Sorrio intimamente com tamanha deferência do meu estimado irmão, que tanto alegra os meus dias e que me dá constantemente tão sábios conselhos, infelizmente nem sempre seguidos, e, erguendo os punhos, para ele, em silenciosa - e efusiva - saudação, continuo bonapartianamente célere a avançar.
Quietinho, quase imaculado, se não fora a ferrugem que está impiedosa e vorazmente a devorá-lo, o fusquinha me espera pacientemente.

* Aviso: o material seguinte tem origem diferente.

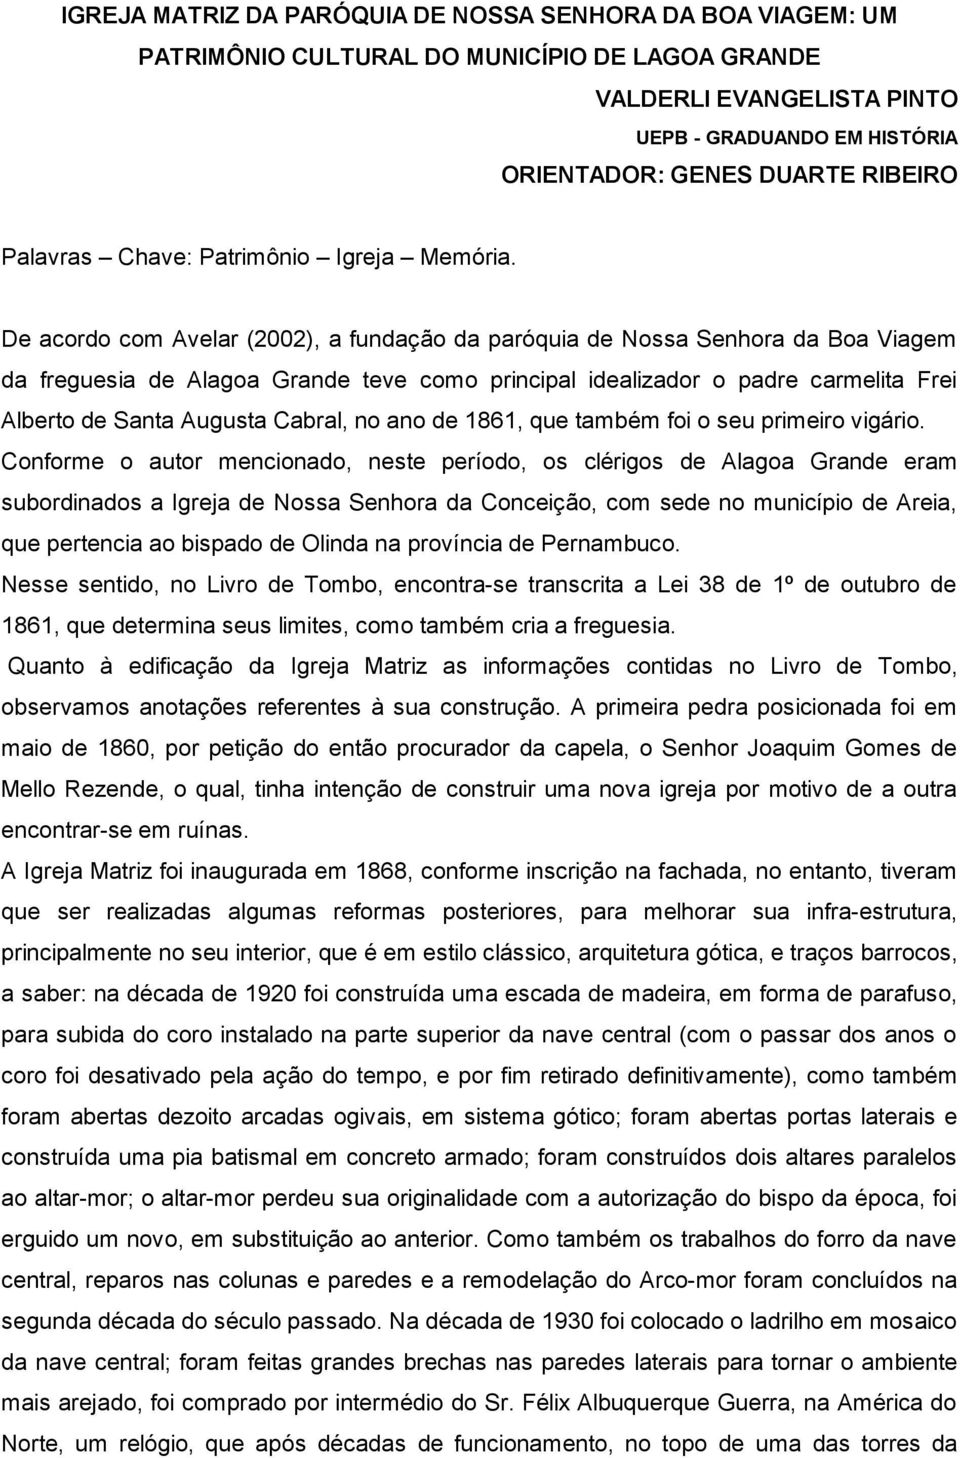 De acordo com Avelar (2002), a fundação da paróquia de Nossa Senhora da Boa Viagem da freguesia de Alagoa Grande teve como principal idealizador o padre carmelita Frei Alberto de Santa Augusta

Como de hábito, levar-me-á ao Mercado, ao Cícero (certamente não o Agostinho) para eu refazer as forças com uma boa pratada de caldo de mocotó, sem me preocupar um tantinho assim que seja com o aumento dos índices de colesterol, que devem estar absurdamente acima das nuvens, ouvindo, atentamente, dos circunstantes, as primeiras notícias da manhã, e, de quebra, deleitar-me com suas graciosas e curvilíneas atendentes, que ninguém é de ferro.
Que o Todo Poderoso, na sua infinita misericórdia, permita que, amanhã, este abençoado ritual franciscano, que tanto me apraz, tenha um novo e emocionante Capítulo!